Rewind to the summer of1990, and British fight fans were not too sure what to make of the 23-0 Chris Eubank. Eubank was different, put it that way. In time, the monocle-wearing middleweight from Brighton would become a genuine star. On the hunt for a shot at Nigel Benn, who Eubank had called out, insulted, and vowed to defeat, the 160-pound contender featured in a fight on terrestrial T.V. enter Reginaldo Dos Santos.
Dos Santos, who had a decent, if not great record of 11-3, had been stopped in his previous fight – in the 8th-round by Craig Trotter in Australia – but this was the only time he had been halted as a pro; his other two losses coming via decision. Eubank might have been expecting a few rounds of work at The Royal Albert Hall. Instead, before the T.V. camera could fully zoom into the center of the ring, Eubank uncorked a clubbing overhand right that landed flush, sending Dos Santos crashing to the canvas. Managing to reach a sitting position, Dos Santos, his eyes still closed and his arms blindly reaching out, had suffered the ultimate ignominy. The fight was over in 20 seconds!
Eubank adopted his soon to be familiar (and annoying to some) cross-armed pose as he stared emotionless into the camera as he stood in a corner. The WBC Intercontinental strap had been on the line, but the talking point of this short affair was the super-fast K.O. Eubank would score the odd 1st-round KO. Subsequently in his career, yet this one lives most strongly in the memory. Poor Dos Santos literally never knew what hit him.

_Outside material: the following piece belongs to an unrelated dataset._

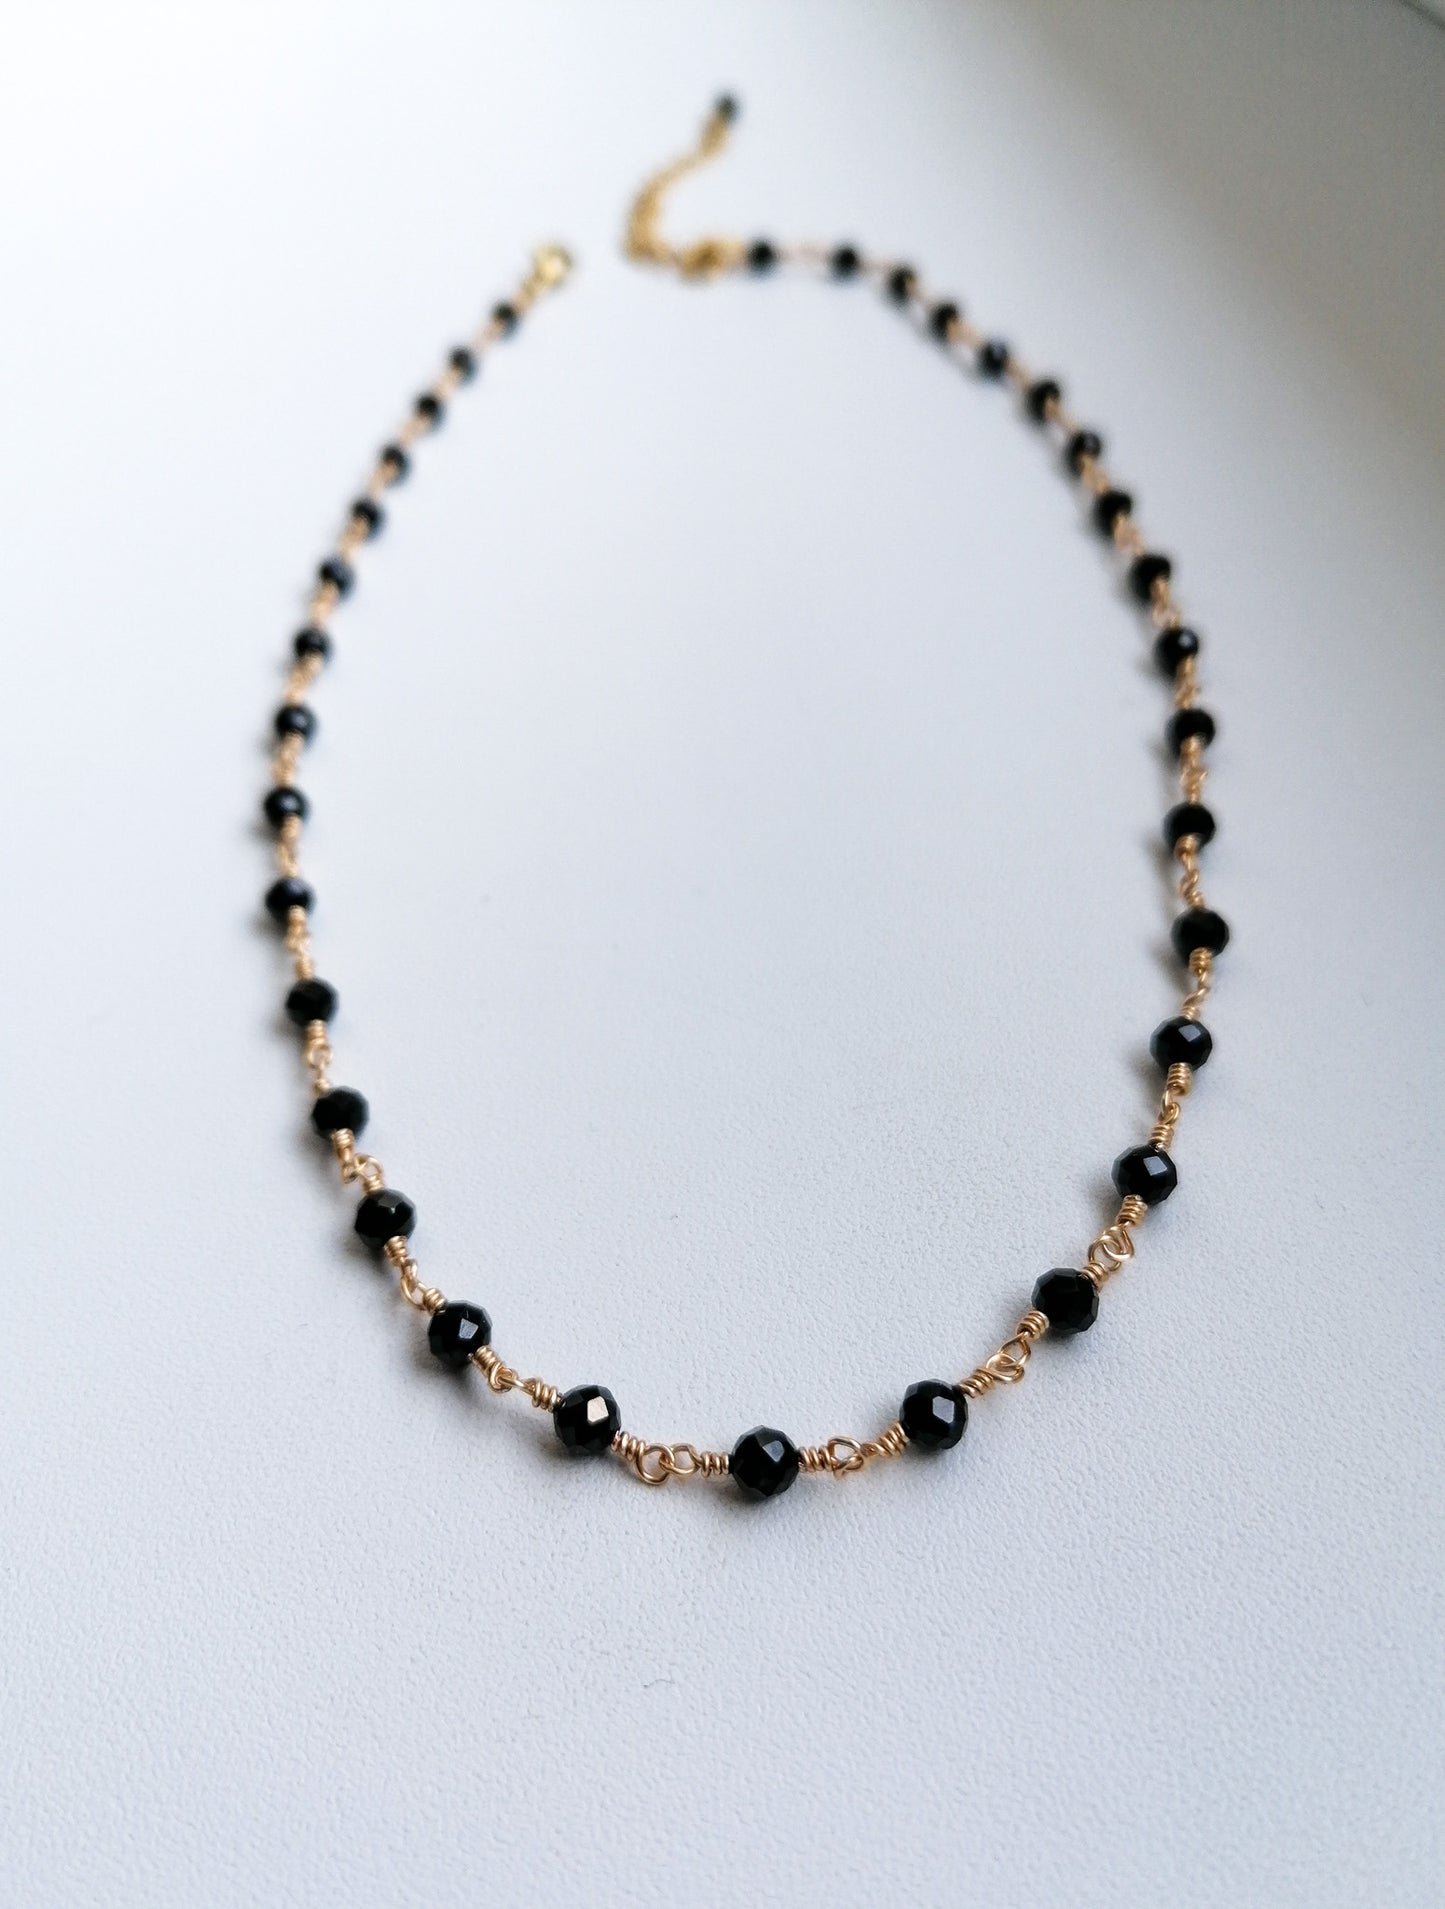 Monaco necklace - black spinel

In his very next fight, 24-year-old Eubank would challenge “The Dark Destroyer” for the WBO middleweight crown, with the betting underdog relieving his bitter rival of the title via an exciting 9th-round TKO in a brutal fight. Eubank had well and truly arrived, both on the world stage and, in the U.K., as a crossover star. Fully embracing his status as a ‘love to hate’ figure, the controversial and eccentric Eubank would thrill, exasperate, anger, and entertain the British public for a number of years to come.
As for the unfortunate Dos Santos, he would box on for a further twelve bouts, losing his next two outings by 1st-round knockout and being beaten in eight of his final dozen fights. Dos Santos did go out a winner though, winning his final four. Sadly, the Brazilian died at the young age of just 34 in 1997. Against Eubank, Dos Santos suffered the kind embarrassing defeat all fighters fear. Even now, Eubank’s flash of a night’s work is often viewed on YouTube.